Lee N. Newcomer, MD, MHA, Senior Vice President, UnitedHealthcare, talked about oral vs intravenous drugs. “The most important decision should be which drug is best for the disease, but toxicity, dosing, compliance, reimbursement, and distribution channels all play a role,” he said.

Toxicity does not go away with oral drugs and in some cases is worse than with intravenous drugs. According to Dr. Newcomer, oral dosing is fraught with poor tolerability, as well as fixed and arbitrary adjustments due to pill size, and this constraint often causes unbalanced clinical trials. Compliance is poor with oral drugs—only 58% overall, he said.

In short, he commented, oral agents are neither superior nor inferior to intravenous drugs, both have clinical trade-offs, and cost remains an issue regardless of route of administration.

Private practice vs hospital-based care is fast becoming a major issue—with hospitals winning because physicians are moving there, and hospitals are making a concerted effort to increase their share of the market, said Eric Hammelman, MBA, Vice President, Avalere Health, LLC, Washington, DC. In theory, Medicare reimburses hospitals and physicians the same for the same drug, but utilization differences result in bottom-line payment differences, so hospitals make more money. (There is, however, evidence that hospitals are reimbursed at a higher rate for the same drugs.)

“These trends complicate efforts by payers to control spending and implement new payment methods for oncologic care,” Mr. Hammelman said.

Value-Based Insurance

Dr. Fendrick described value-based insurance design. “It reduces barriers to high-value clinical services and providers and discourages use of services and providers that are of lower value. Value-based insurance is driven by clinical nuance, which recognizes that medical services differ in the benefit provided. Benefit derived from a specific service depends on three factors: characteristics of the patient receiving it, the provider, and where the service is delivered. Plans incorporating value-based insurance establish lower cost-sharing on high-value services, drugs, providers, and settings as a means to increase utilization that represents worthwhile investment in health.”

Value-based insurance can be applied to drugs by ensuring that cost-sharing is related to clinical value, not simply acquisition cost. It works by imposing no more than modest cost-sharing in high-value medicines and abolishing four- and five-tier rankings to promote access to all medically necessary treatments. This approach limits clinical differentiation among treatments but provides access to all potentially important ones. Payers can be more selective by lowering high cost-sharing for drugs that consistently deliver outstanding value, which can then be moved from higher to lower tiers.
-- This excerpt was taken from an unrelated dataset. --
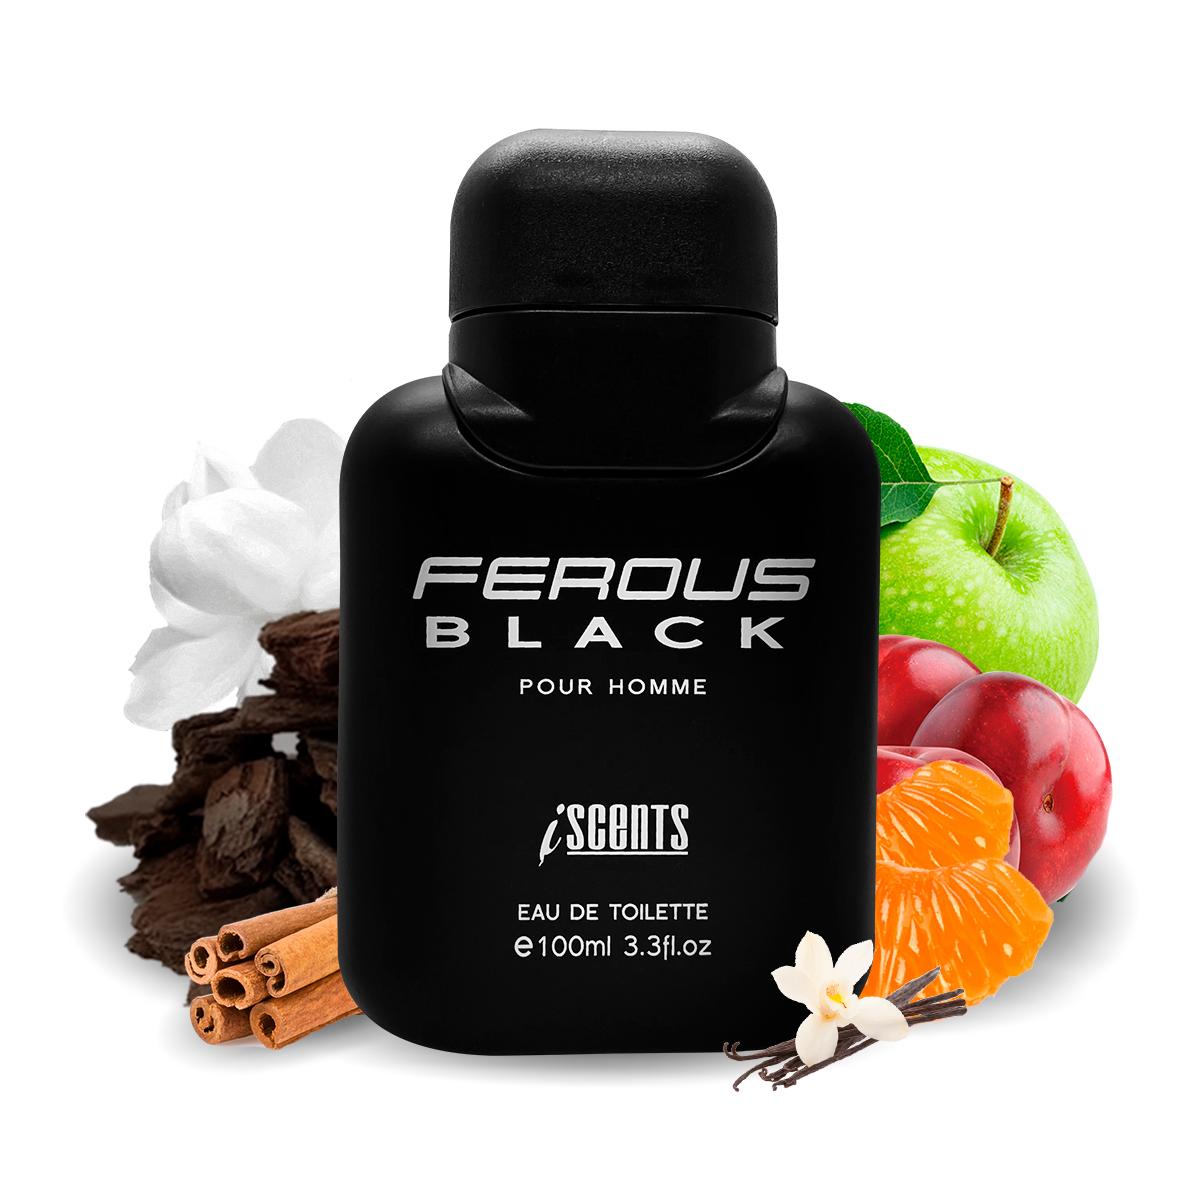 Kit 2 Perfumes Importados Chic e Ferous Black I Scents

Moreover, value-based insurance reduces cost-sharing in accordance with patient- or disease-specific characteristics. Therapies are then readily available to those who will benefit from them, but not so easily accessible to those unlikely to benefit.

Value-based insurance also relieves patients of high cost-sharing after failure on a different medicine. If a patient does not respond well to first-line treatment, that “good soldier” can be “rewarded” with a second line of specialty medicine without high cost-sharing. Finally, this approach offers lower cost-sharing for patients who choose cost-effective, efficient providers. ■

Disclosure: Drs. Chalkidou and Conti reported no potential conflicts of interest.